The devastation was enormous.
The devastation caused by "Little Boy" surpassed everything that American scientists, military personnel and politicians had expected. The nuclear explosion left behind death and destruction within an area of 13 square kilometers, or about five square miles. On August 6, there were about 350,000 people in the city, the country's eighth largest.
By the end of 1945, about 140,000 of those had died -- in horror-inspiring ways. The first victims were essentially vaporized in the epicenter of the fireball, at temperatures of more than a million degrees centigrade, or burned to death in a wave of heat hot enough to scorch trees a dozen kilometers away. Still others were crushed by the debris from buildings collapsing as a result of the massive wave of pressure. Those at a somewhat greater distance from ground zero were killed by direct exposure to radiation. Many were poisoned when they drank the radioactive rain -- turned black by dust and debris -- that began falling about 20 minutes after the explosion. An Australian journalist visiting Hiroshima in September 1945 dubbed the disease he observed -- hair falling out, bodies covered in reddish-purple spots, victims dying of internal bleeding -- the "atomic plague."

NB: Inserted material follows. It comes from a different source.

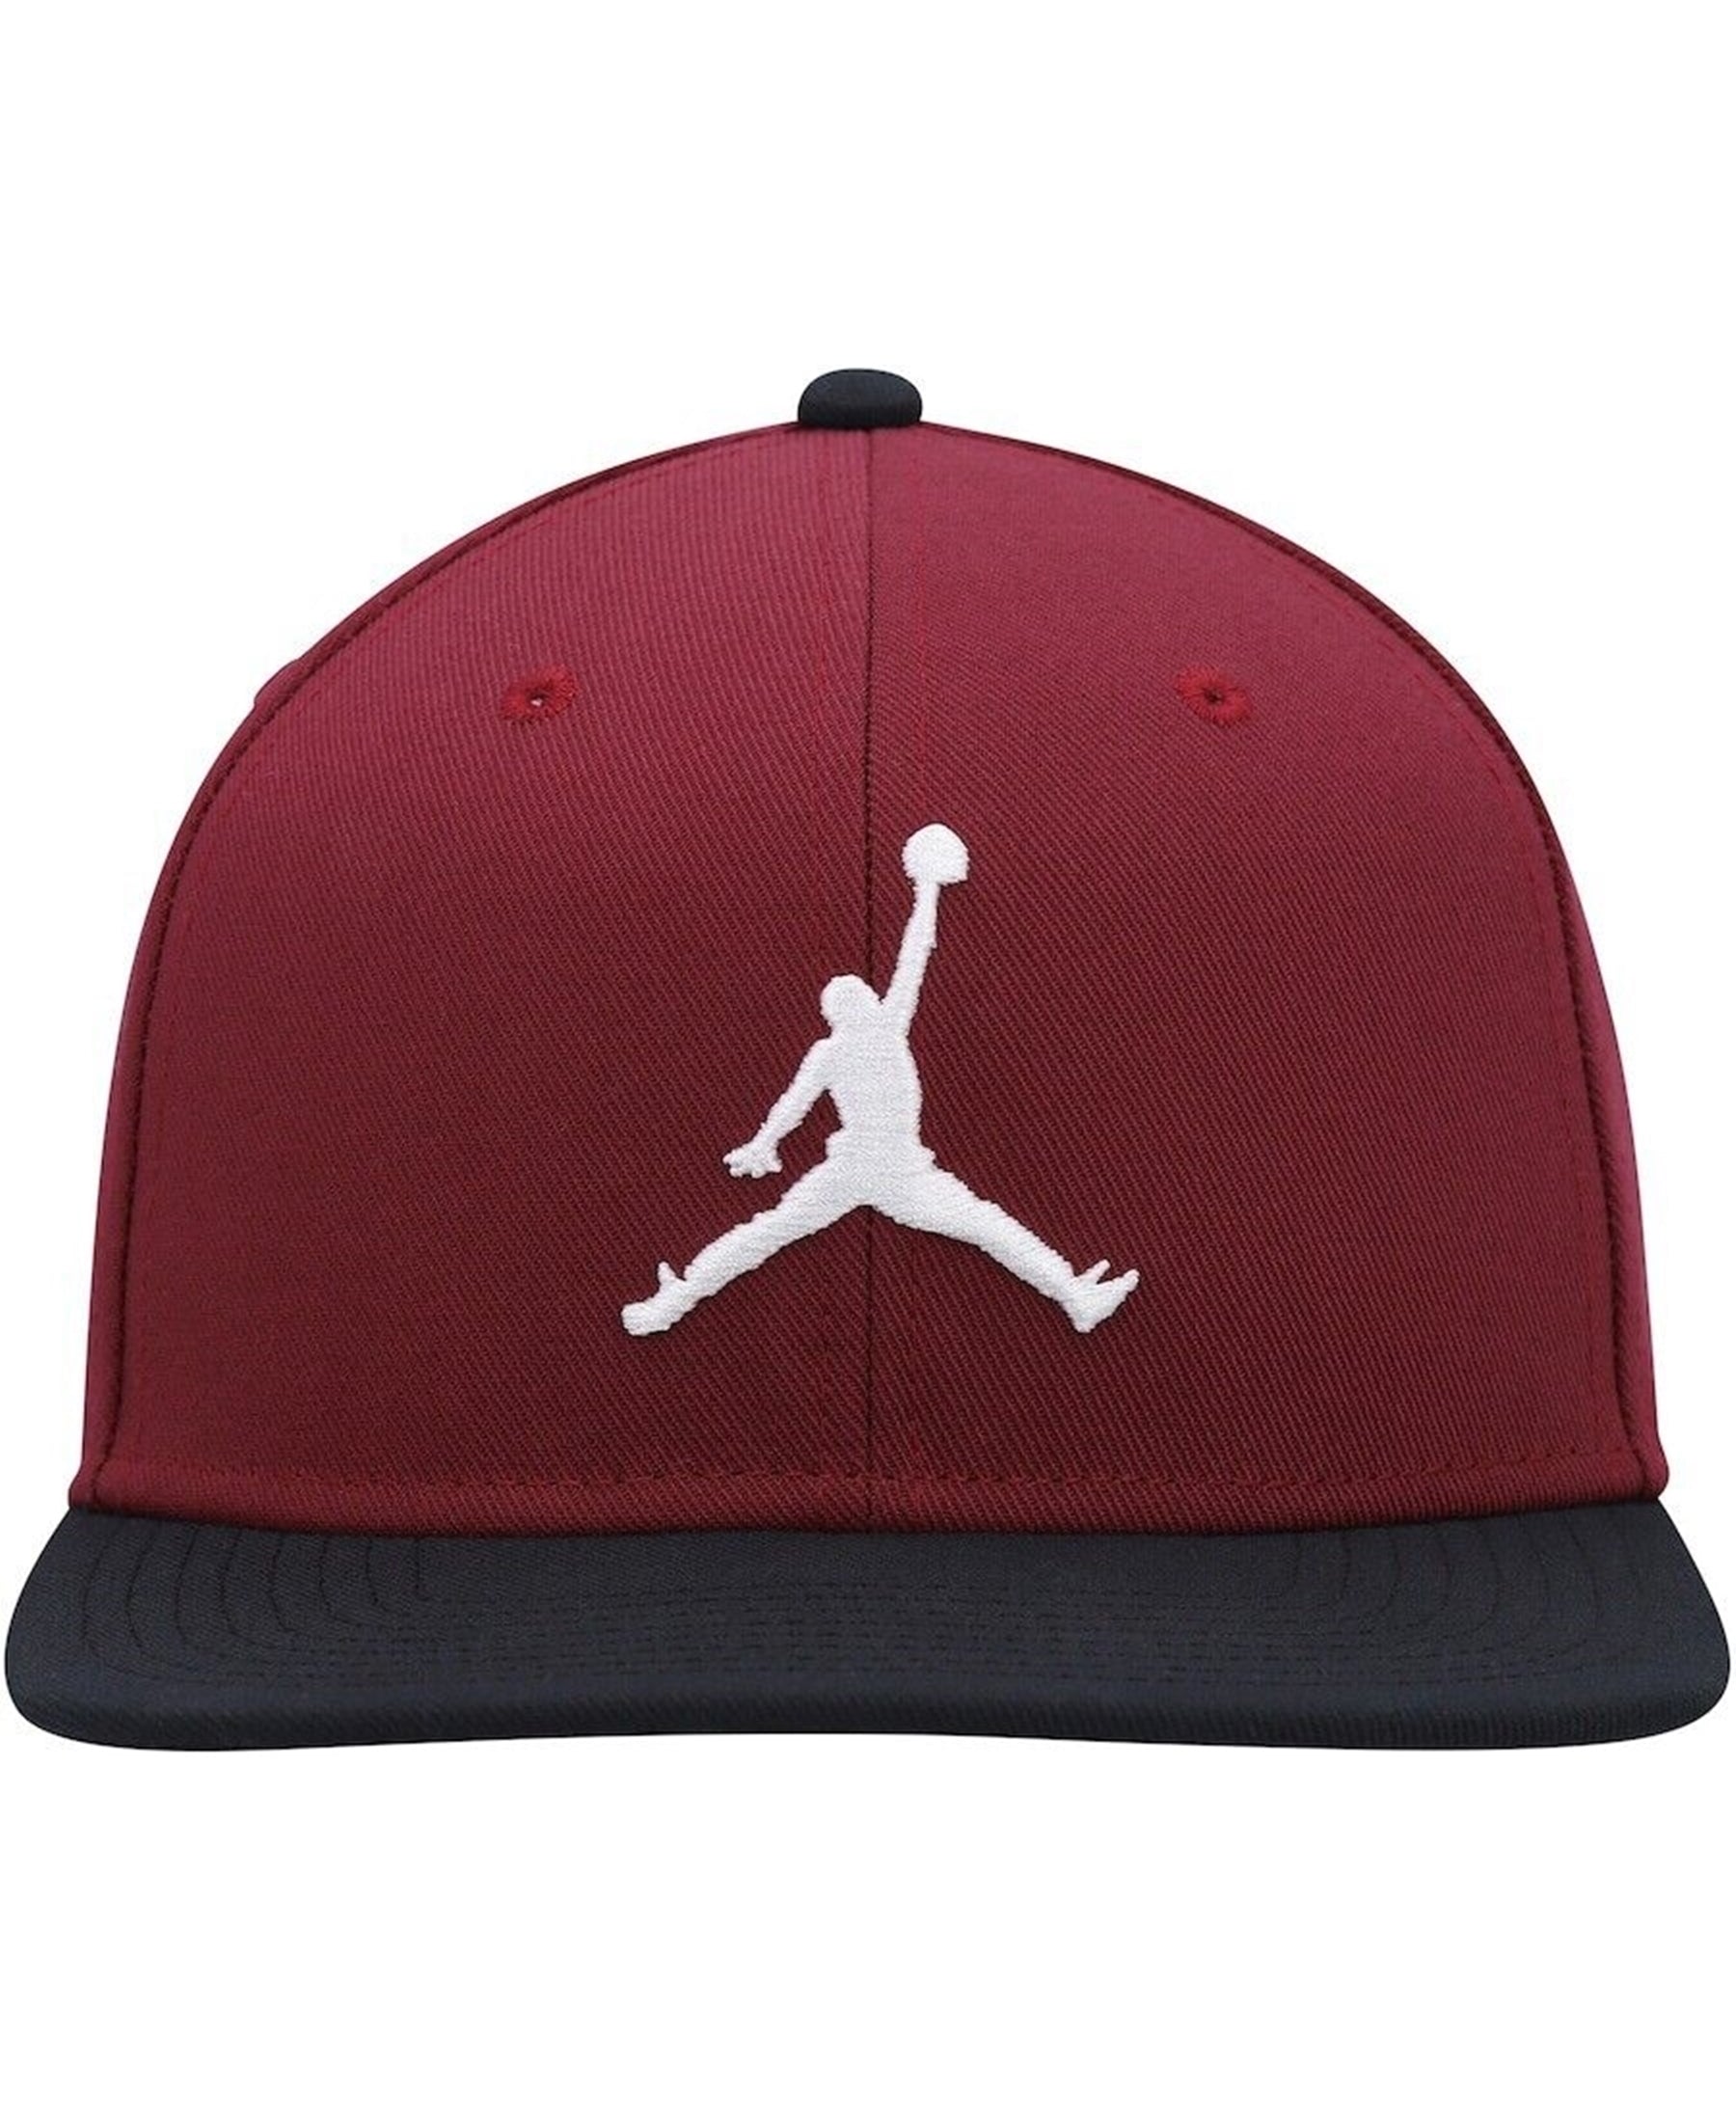 Entdecken Sie die Nike Jordan Pro Jumpman 3D Logo Snapback Cap (Artikelnummer AR2118-680) – ein Must-have für Basketball- und Streetwear-Fans. Mit ihrem auffälligen 3D-Logo und bequemen Tragekomfort ist diese Kappe der perfekte Style-Statement. Erhältlich bei SHOP4TEAMSPORT für Ihren einzigartigen Look.
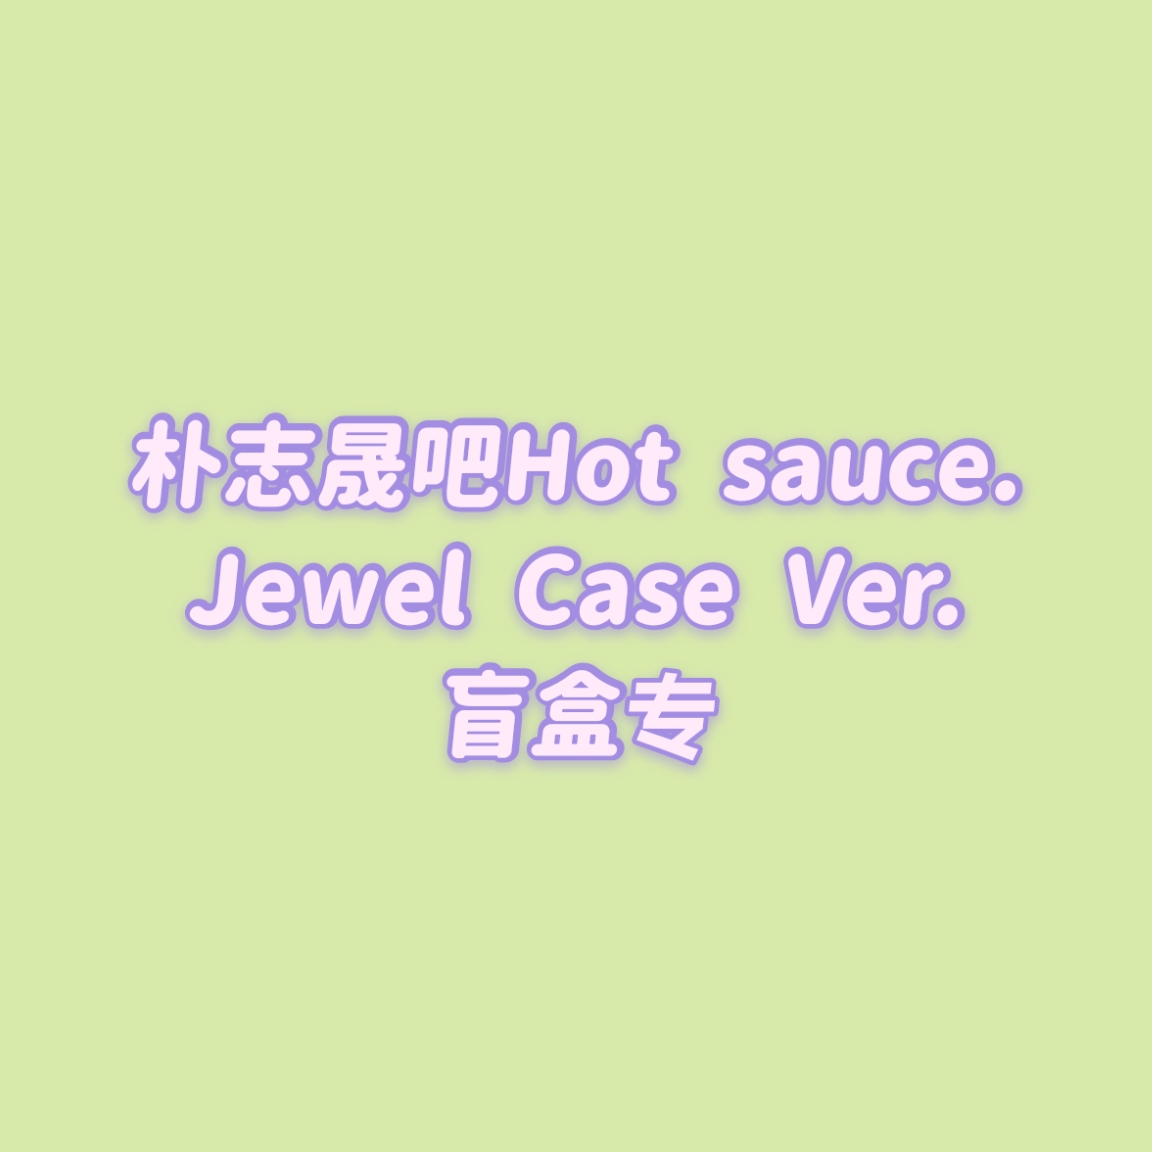 [全款 盲盒包邮专] [买多张发不同版本] NCT DREAM - Album Vol.1 [맛 (Hot Sauce)] (Jewel Case Ver.) (随机版本)_朴志晟吧_ParkJiSungBar

Three days later the U.S. dropped another atomic bomb called "Fat Man" on Nagasaki.
The exact number of victims of Hiroshima and Nagasaki will never be known. What we do know is that thousands are still dying today from the delayed effects of malicious radiation....Even the children and grandchildren of the survivors of Hiroshima and Nagasaki will suffer the consequences of their parents' and grandparents' exposure to radiation. In many cases, their genetic material has been so severely damaged that they now suffer from leukemia, breast cancer and neurological disorders.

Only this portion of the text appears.